Dear amazing community,
Suppose I have a random variable $X\sim N(0,d)$ where $d \gg 1$ (i.e., normal distribution with a big variance). I want an upper bound for the following probability (as a function of $d$):
$$\Pr(|X|\leq 1)<\quad ?$$
Does anyone have a suggestion? You can assume $d$ to be as big as you want. Many thanks!
On
Let $\mathrm{CDF(x)}$ be the cumulative distribution function of the normal function.
$\mathrm{CDF(x)} = \frac{1}{2} \left( 1+ \mathrm{erf} \left( \frac{x - \mu}{\sigma \sqrt{2}} \right) \right)$
$\mathrm{Pr(|X|)} \le 1 = \mathrm{CDF(1)} - \mathrm{CDF(-1)} = \frac{1}{2} \left( \mathrm{erf} \left( \frac{1}{\sqrt{2d}} \right) - \mathrm{erf} \left( -\frac{1}{\sqrt{2d}} \right) \right) = \mathrm{erf} \left( \frac{1}{\sqrt{2d}} \right) $
Then you can read arXiv:math/0607694 [math.CA] to choose your favourite inequality.
On
The PDF has $$ f(x) = \frac{1}{\sqrt{2\pi d}} e^{-\frac{1}{2d}x^2} \le \frac{1}{\sqrt{2\pi d}}$$ and thus we have $$ P(|X|<1) =\int_{-1}^1 f(x)dx < \frac{2}{\sqrt{2\pi d}}.$$
If $d\gg1,$ we have $f(x) \approx \frac{1}{\sqrt{2\pi d}}$ over the range (since the exponential barely decays at all), so this becomes pretty accurate.

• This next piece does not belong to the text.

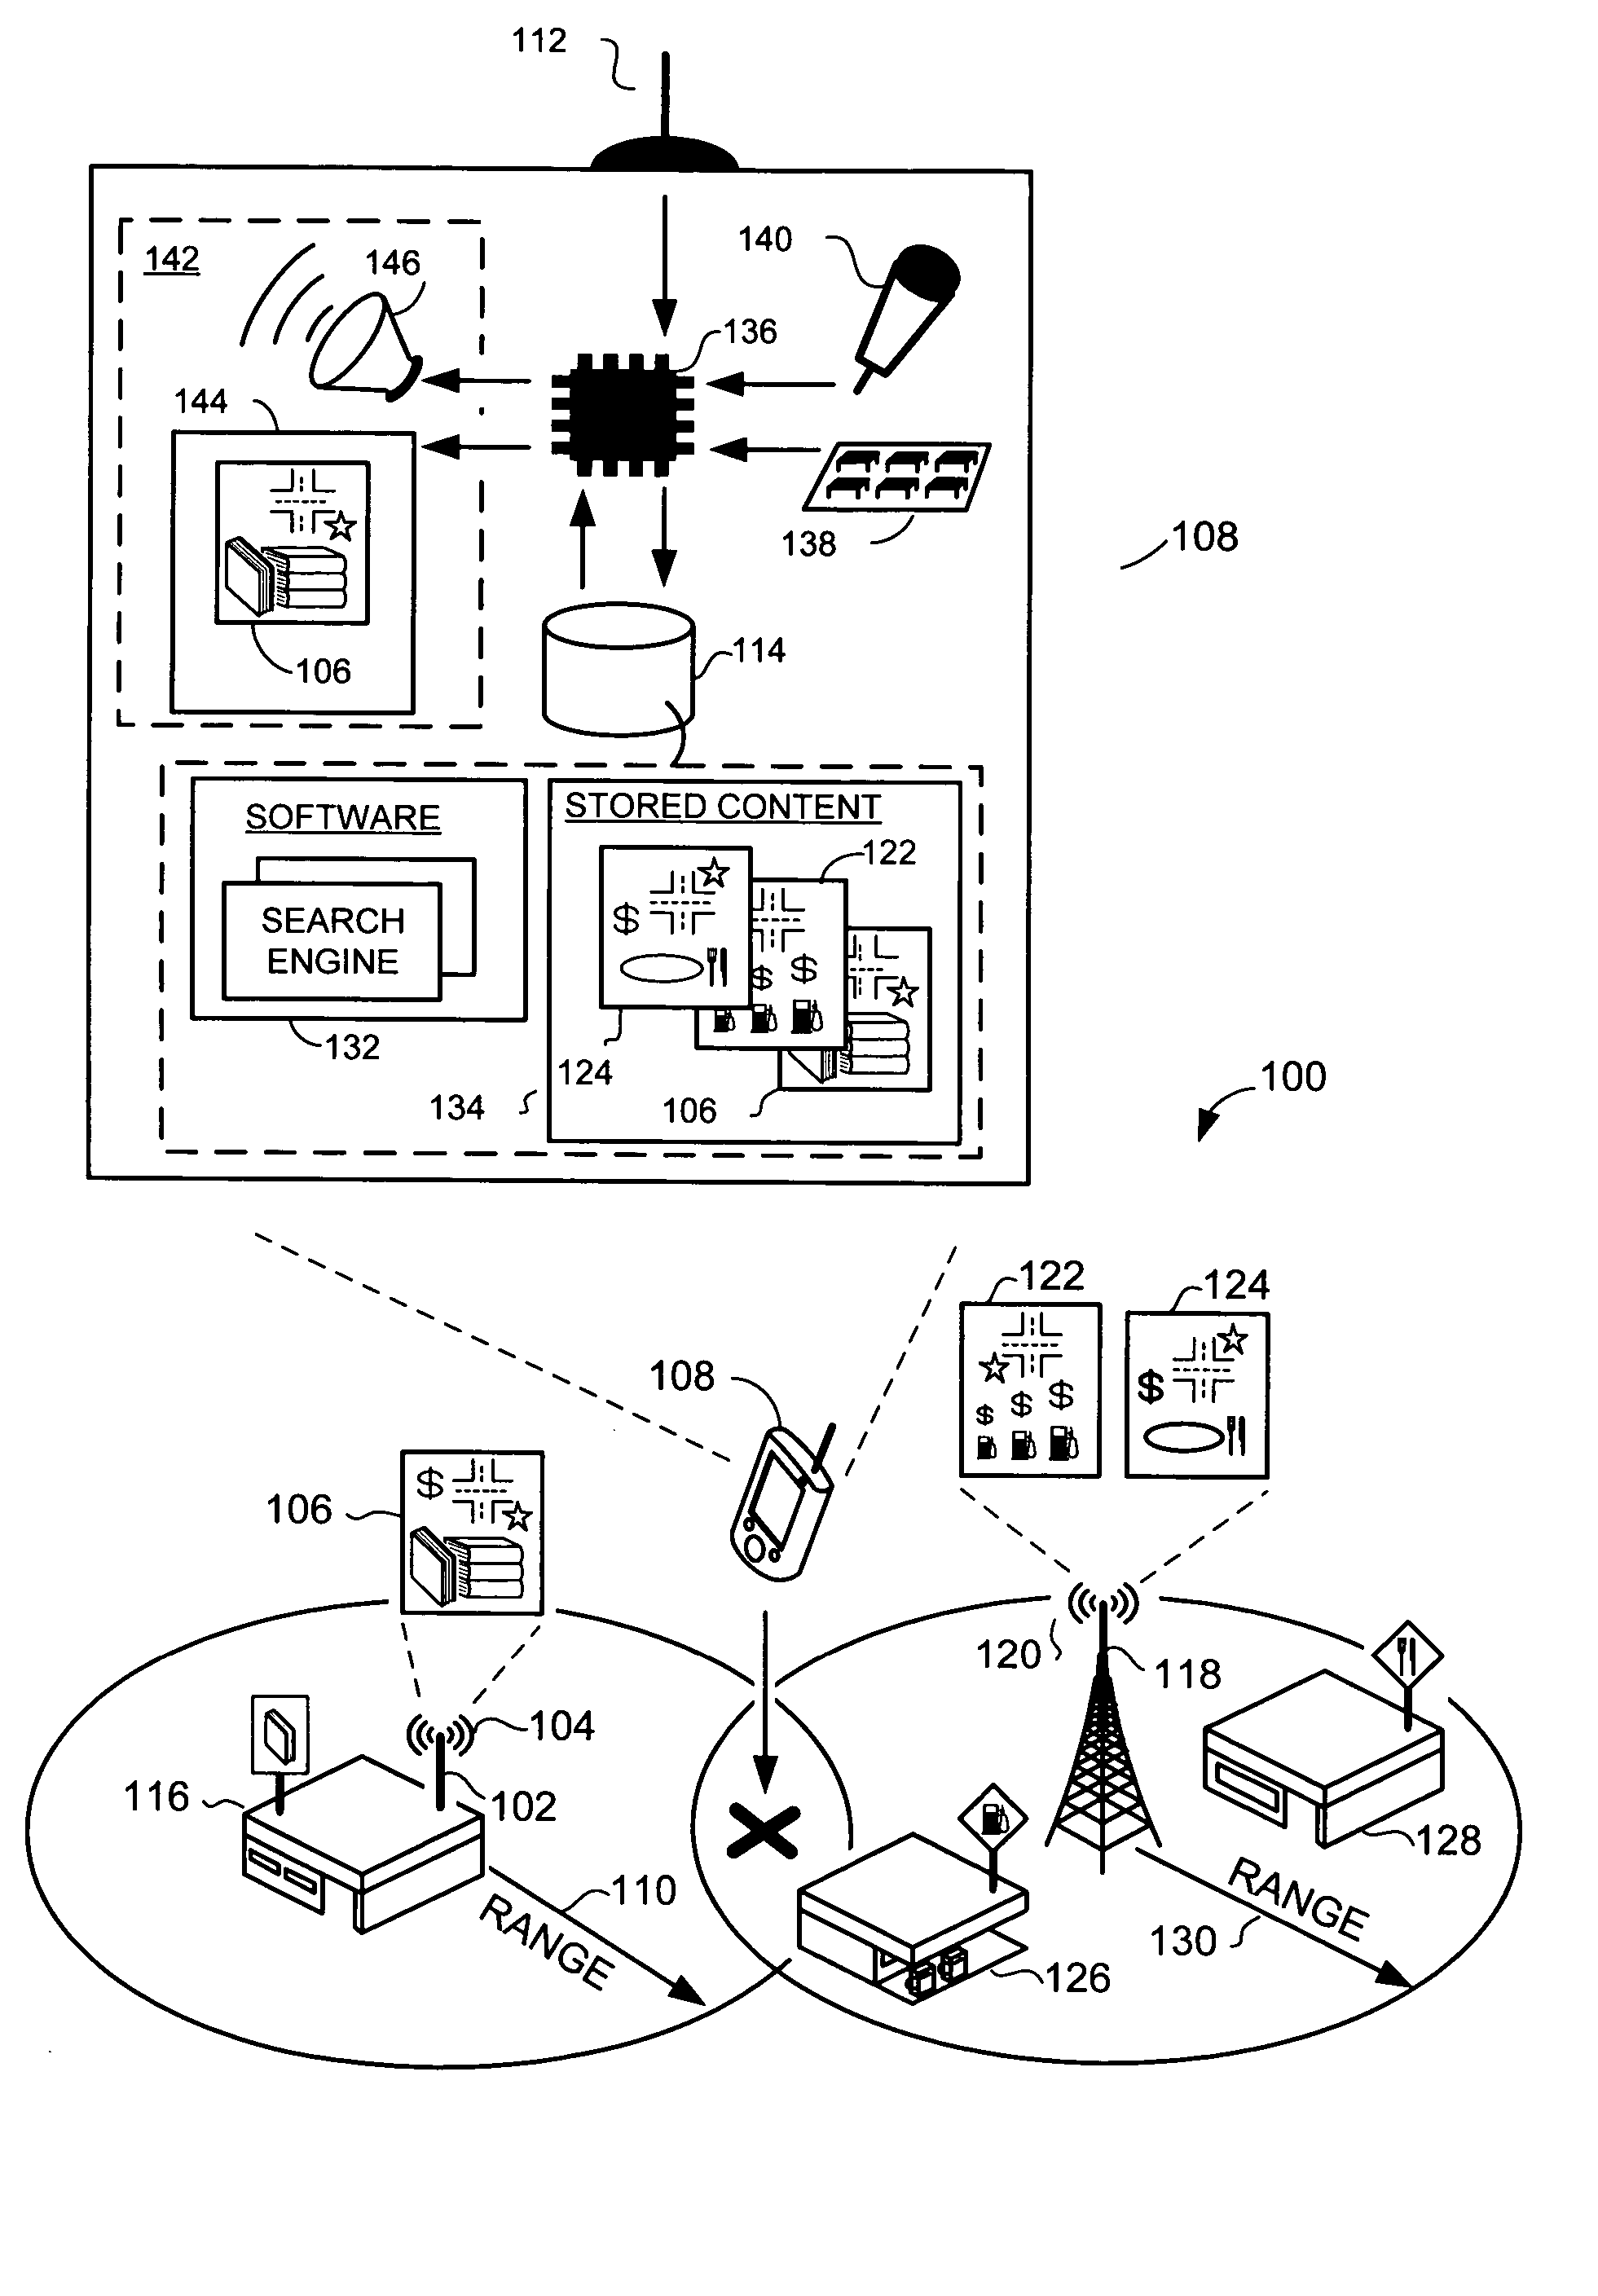 Selectively storing broadcast in mobile device
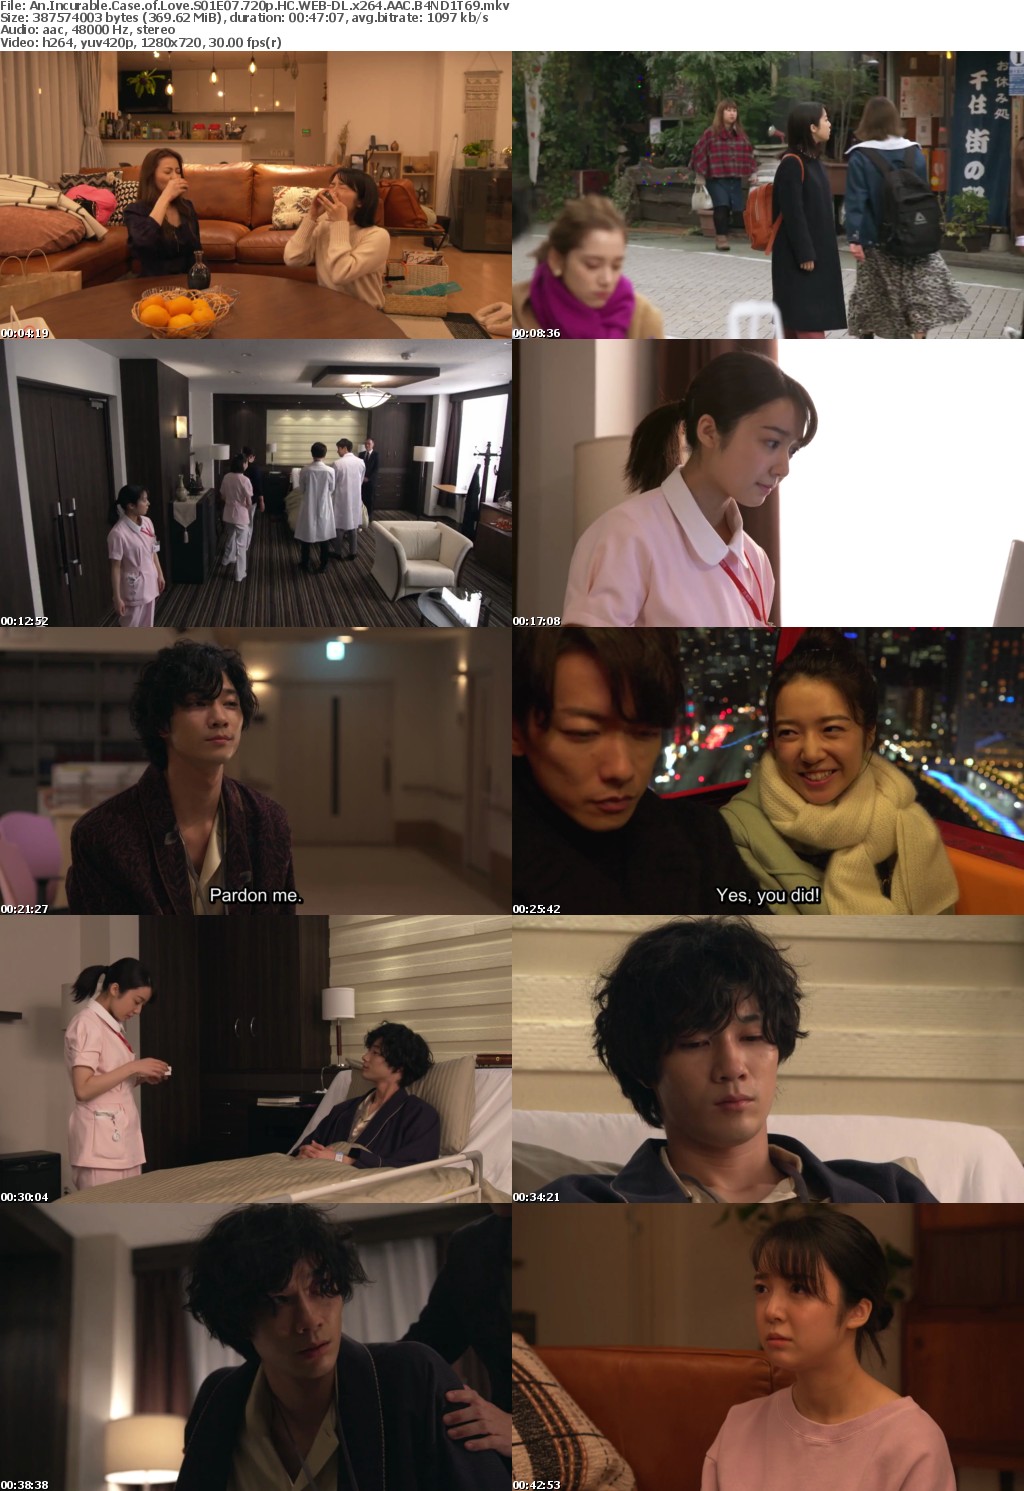 An Incurable Case of Love S01 COMPLETE 720p HC WEB-DL x264 AAC B4ND1T69

It's equivalent to give a lower bound for $P(X>1)$, and thus for $P(Z>\sqrt{d})$ for standard normal $Z$. This can be done using integration by parts. The first step gives
$$\int_a^\infty e^{-x^2/2} dx = e^{-a^2/2}/a-\int_a^\infty e^{-x^2/2}/x^2 dx.$$
This gives an upper bound, by replacing the second integral with $0$. You get a lower bound by integrating by parts again:
$$\int_a^\infty e^{-x^2/2} dx = e^{-a^2/2}/a-e^{-a^2/2}/a^3+\dots$$
where the dots are an integral of a positive function. Thus $\int_a^\infty e^{-x^2/2} dx \geq e^{-a^2/2} \left ( 1/a-1/a^3 \right )$. You can use this to get an upper bound on $P(|Z| \leq \sqrt{d})=1-2P(Z \geq \sqrt{d})$.
Repeating this procedure gives a whole sequence of upper and lower tail bounds, of the form $\sum_{k=1}^n (-1)^{k-1} c_k e^{-a^2/2} a^{1-2k}$, where $c_k$ are positive constants, odd values of $n$ give upper tail bounds, and even values of $n$ give lower tail bounds. However, since the $c_k$ grow rapidly, the errors eventually grow instead of shrinking.